Installation on cluster

Post by Puneeth » Tue Sep 15, 2020 5:29 pm

Hello,

While testing a fresh installation of Code-Saturne v5.1.6 on a cluster, I'm facing a Compile or link error shown in slurm-275114.out.
The error doesn't provide much info on what is going wrong or where.
I kindly request you to assist me in debugging this error.
Also, please find the compile.log attached herewith.

Thanks and Regards,
Puneeth
Attachments
compile.log
(29.25 KiB) Downloaded 1 time
slurm-275114.txt
(1.96 KiB) Downloaded 1 time

Yvan Fournier
Posts: 3049
Joined: Mon Feb 20, 2012 3:25 pm

Re: Installation on cluster

Post by Yvan Fournier » Tue Sep 15, 2020 6:11 pm

Hello,

Thé compile log indicates the link with libxml2 fails.

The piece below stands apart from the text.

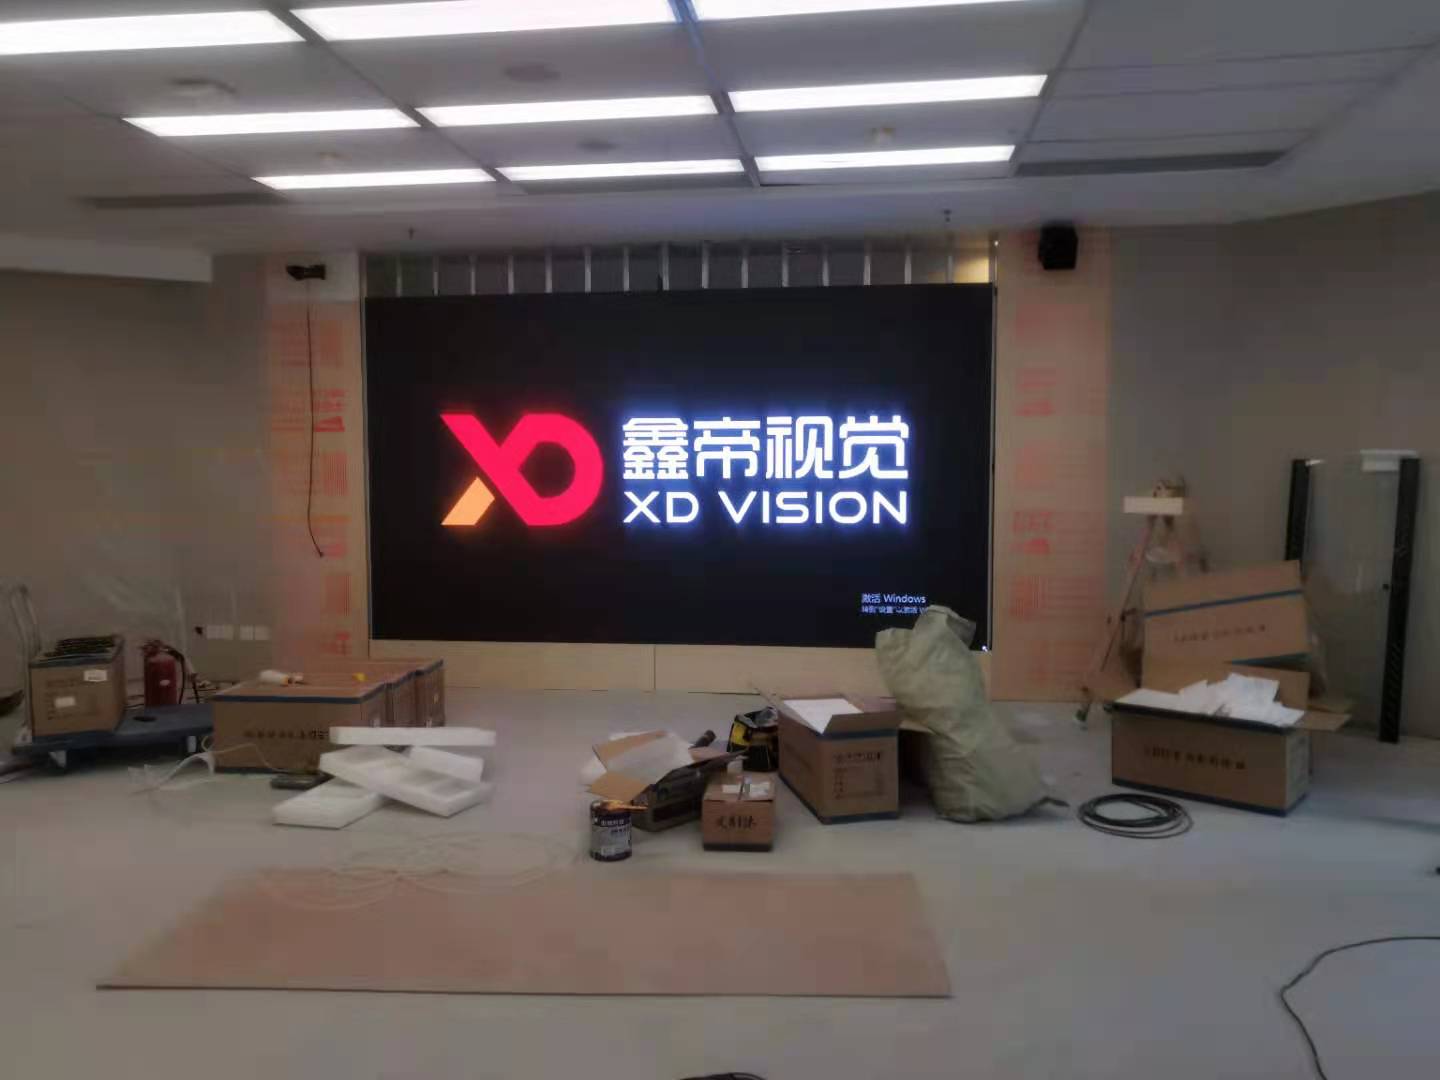 Centro de servicios de construcción del partido de Shanghái para cuadros jubilados

It is possibly due to not having the libxml2 dev package on the computer nodes (i.e. libxml2.so.x present but not the libxml2.so link).

Do you use "code_saturne submit" or the GUi, or submit a runcase directly (not recommend ed for the above reason) ?

You also have compile warnings you should check.

Best regards,

Yvan

Puneeth
Posts: 8
Joined: Thu Oct 18, 2018 8:37 am

Re: Installation on cluster

Post by Puneeth » Wed Sep 16, 2020 9:06 am

Hi,

Thanks for the reply.

I will confirm with the Cluster admins whether Code_saturne was installed with the libxml2 option enabled. And also for the dev package of libxml2 to be installed.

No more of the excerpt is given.